What to work on: Once the line containing "black man with" is found in the data below, repeat it and every later line exactly, leaving the pictures out.

Provided material:
--*--

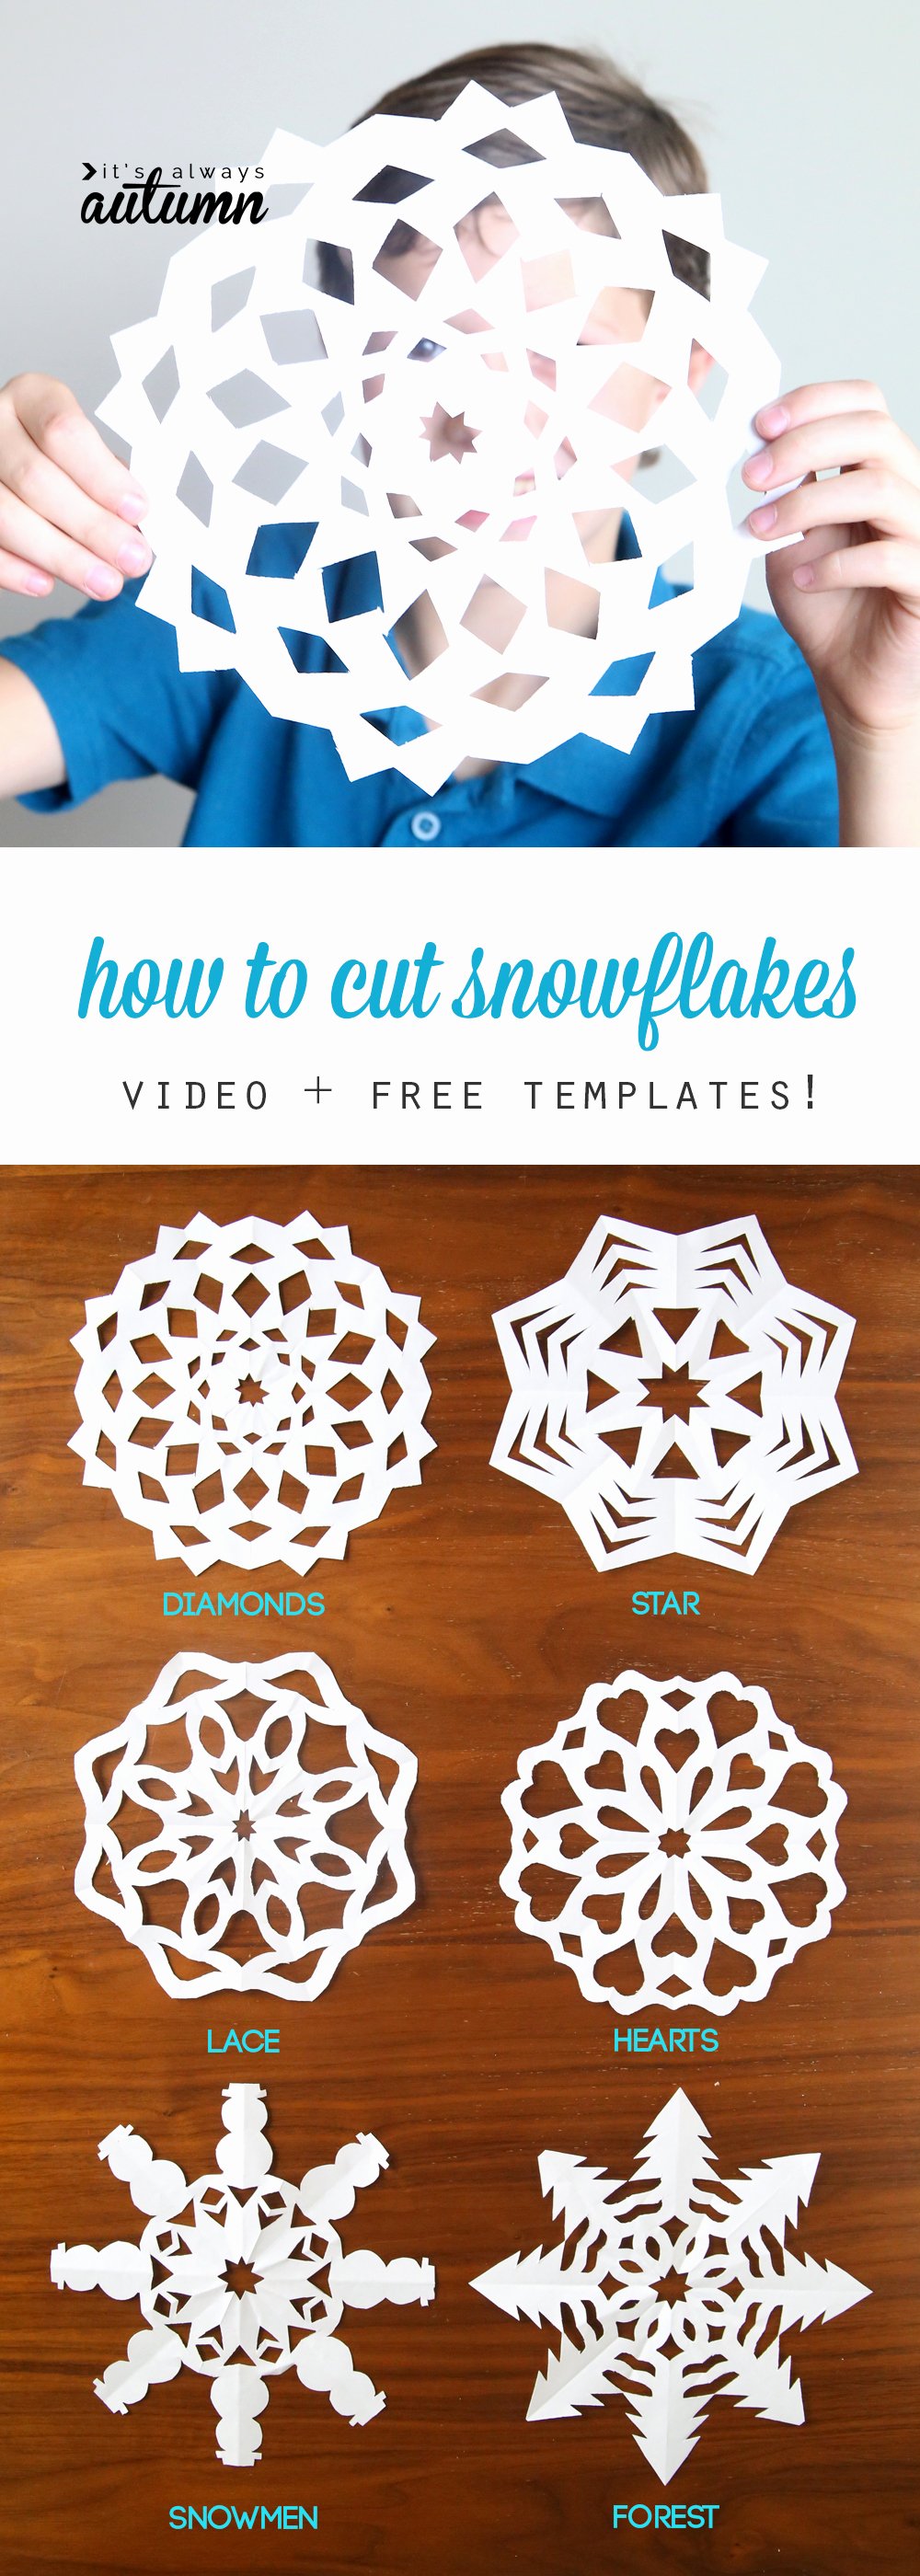 Paper Cut Out Templates Lovely How to Cut Snowflakes Video Tutorial Free Templates It S Always Autumn
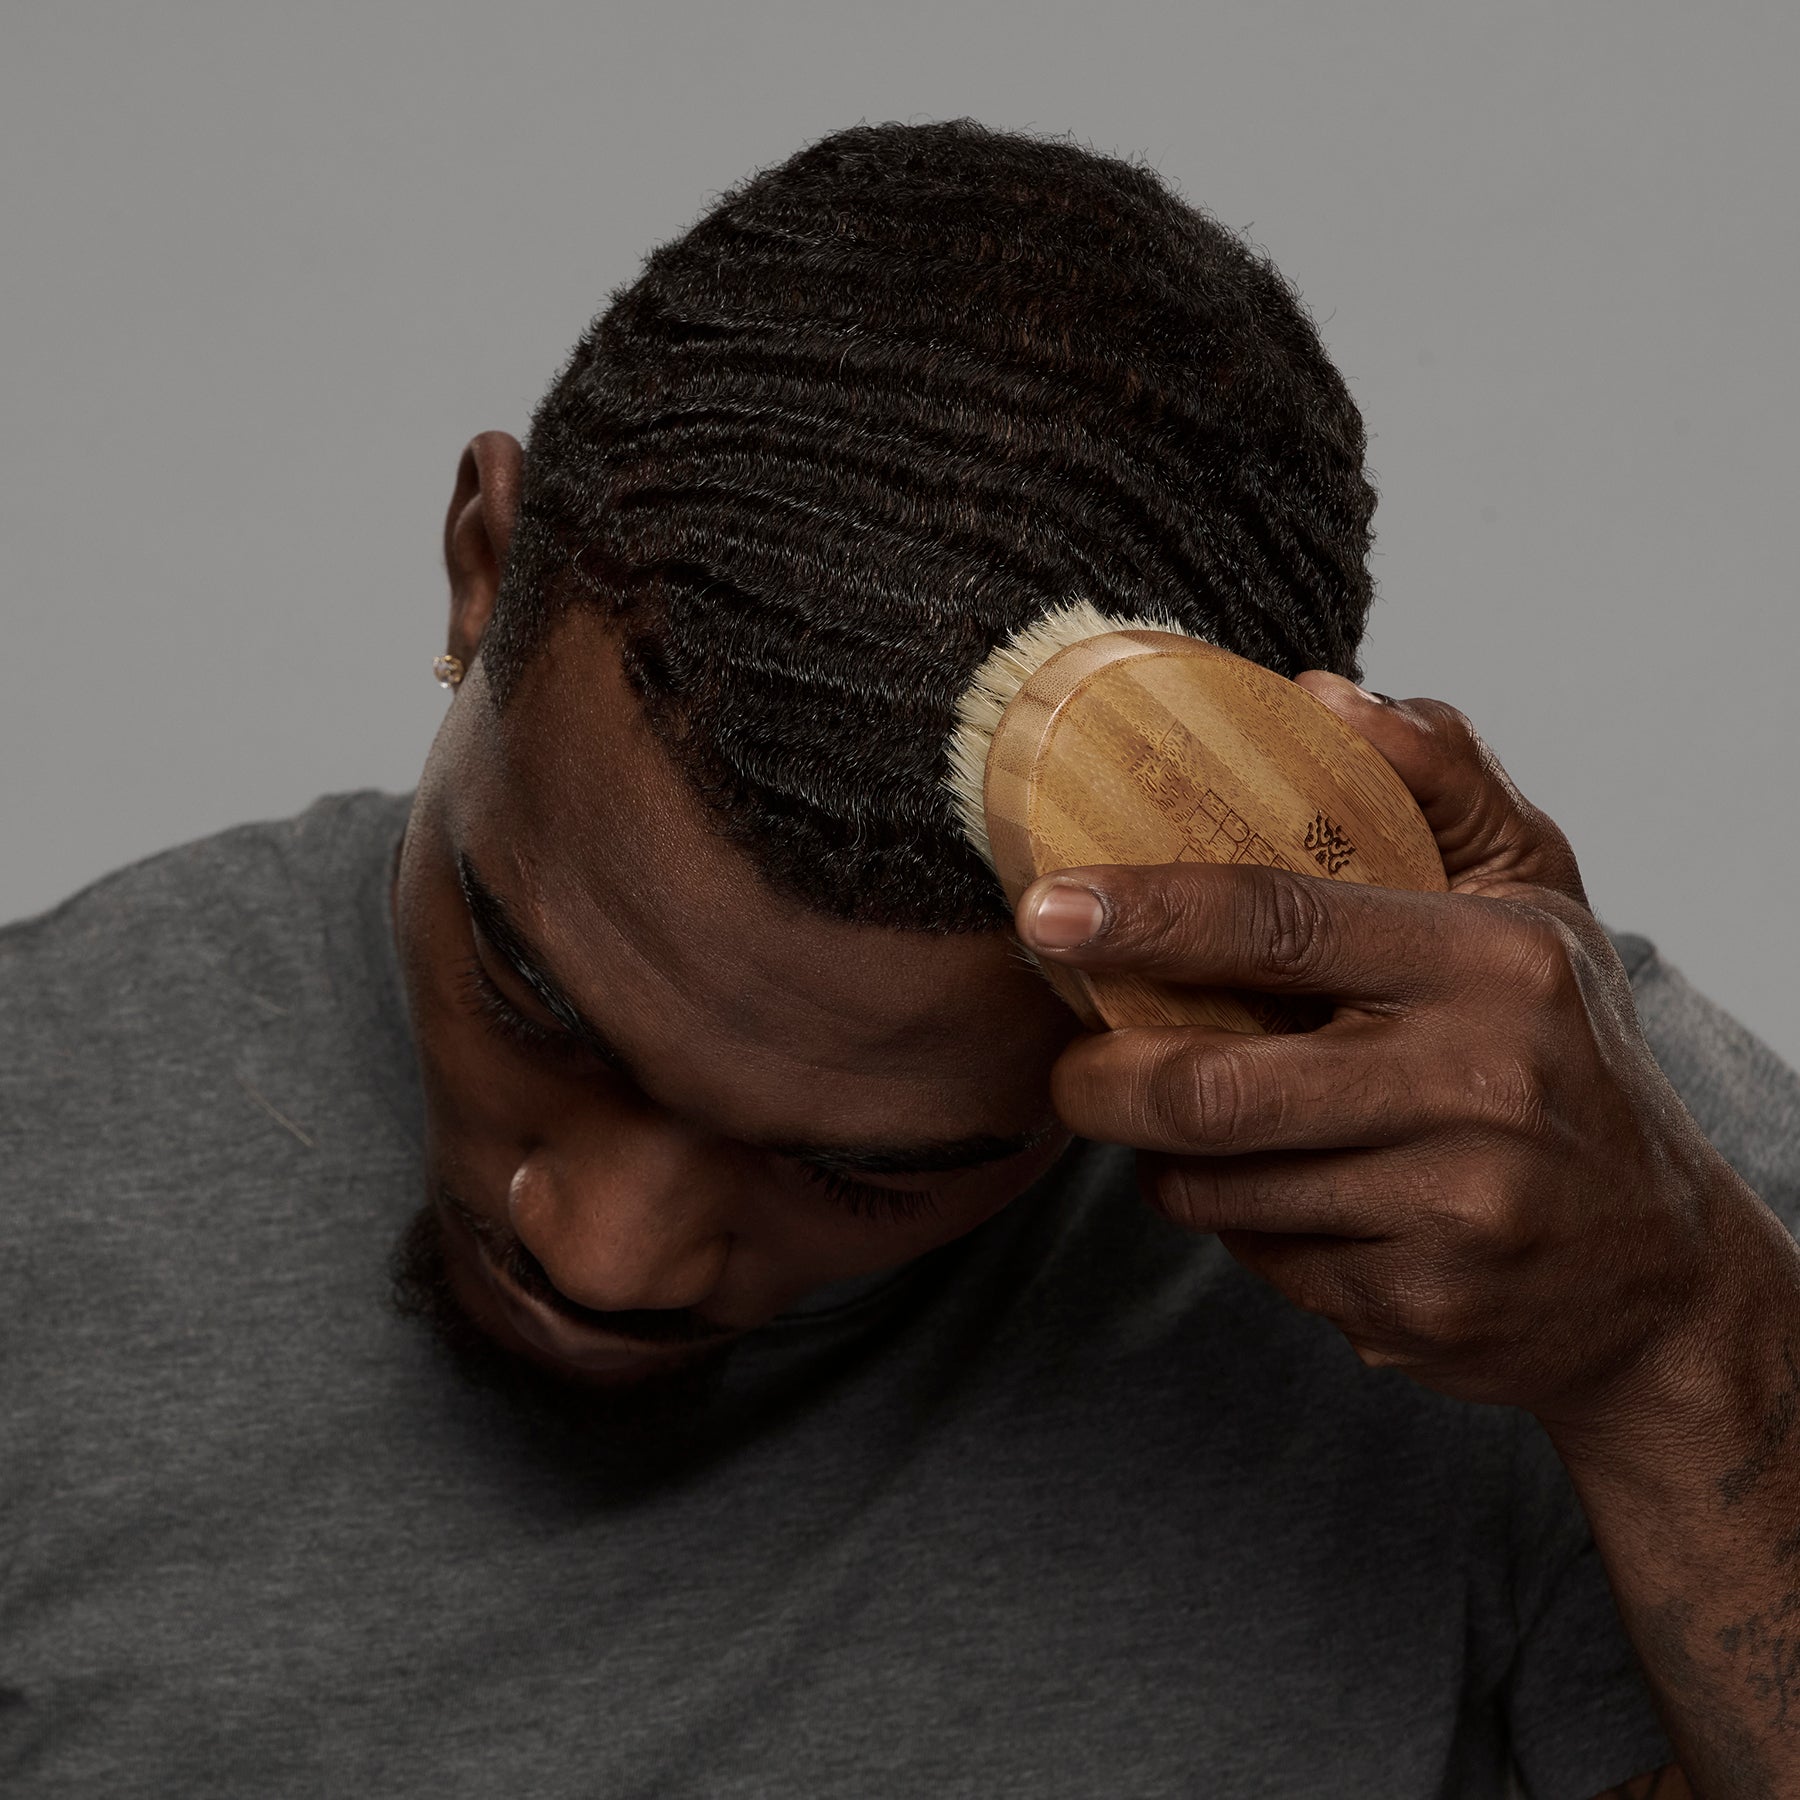 black man with waves, how to get great waves, 360 waves
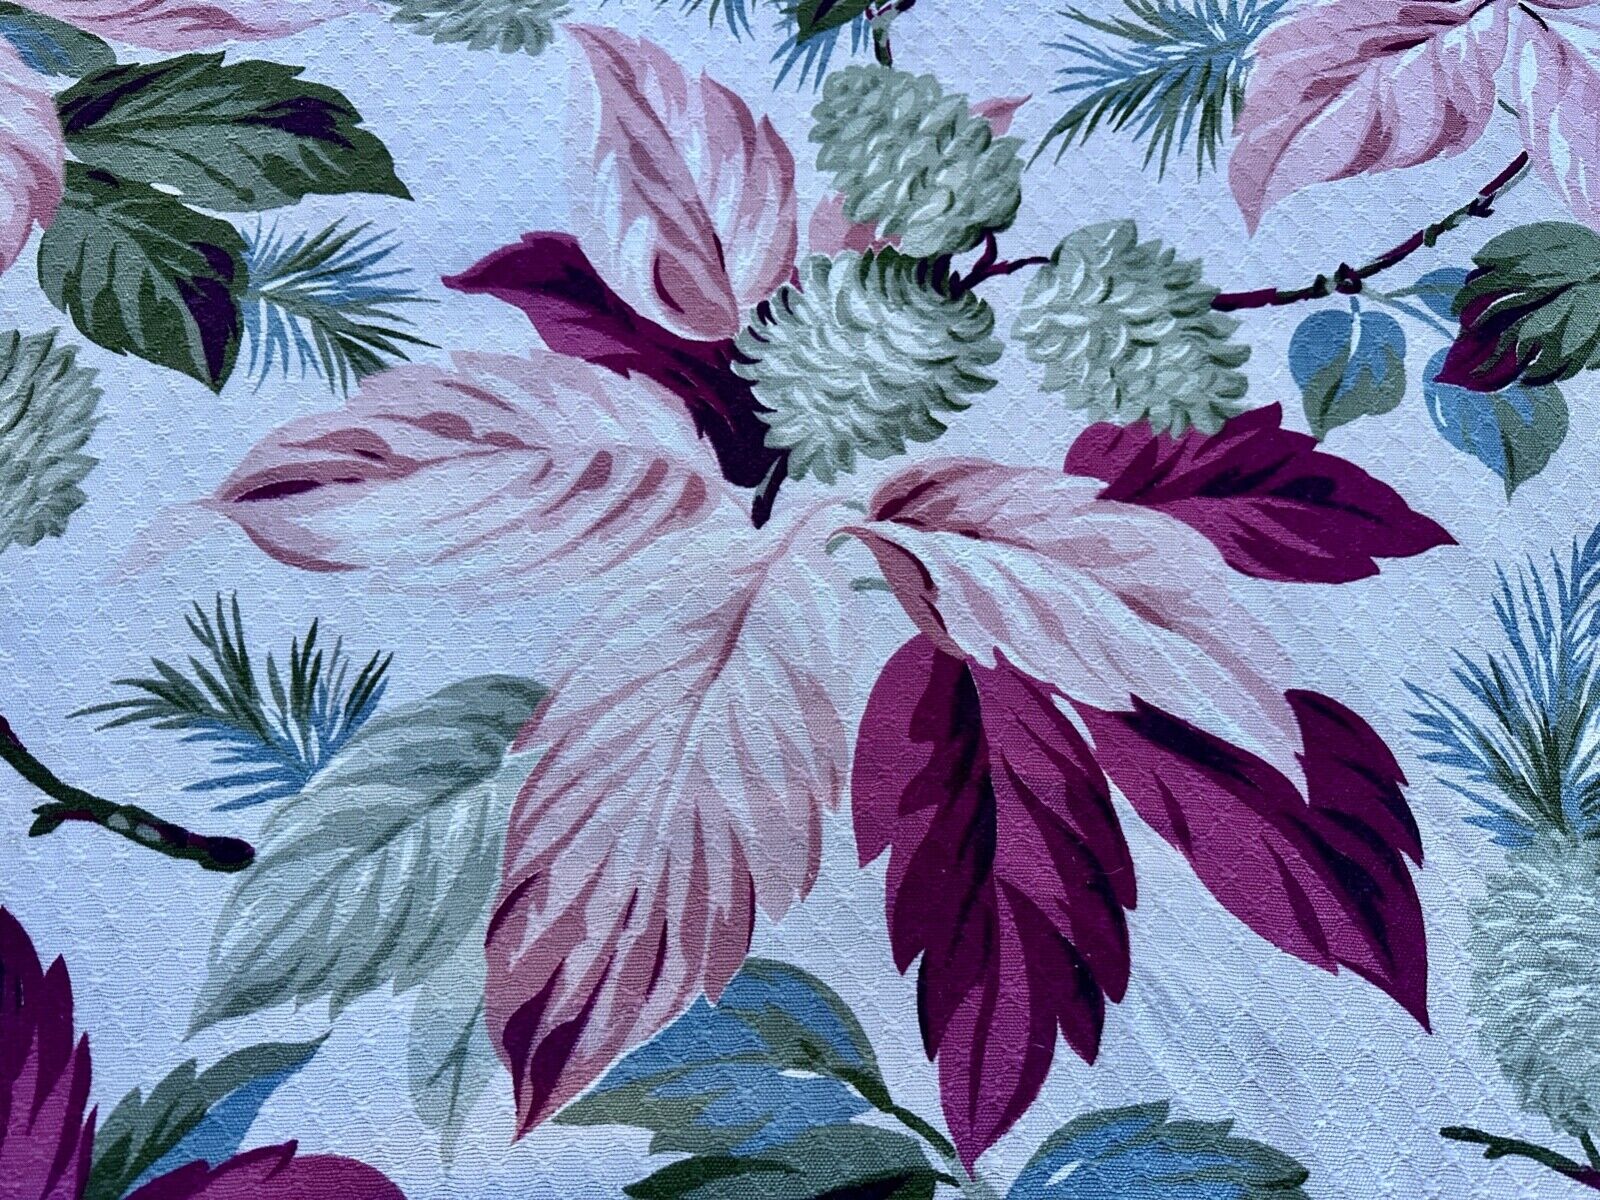 Dreamy 30's LUXE Leafy Hollywood Regency Pinecones GLAM Barkcloth Vintage Fabric

--*--

Solved problem:
 black man with waves, how to get great waves, 360 waves
 Dreamy 30's LUXE Leafy Hollywood Regency Pinecones GLAM Barkcloth Vintage Fabric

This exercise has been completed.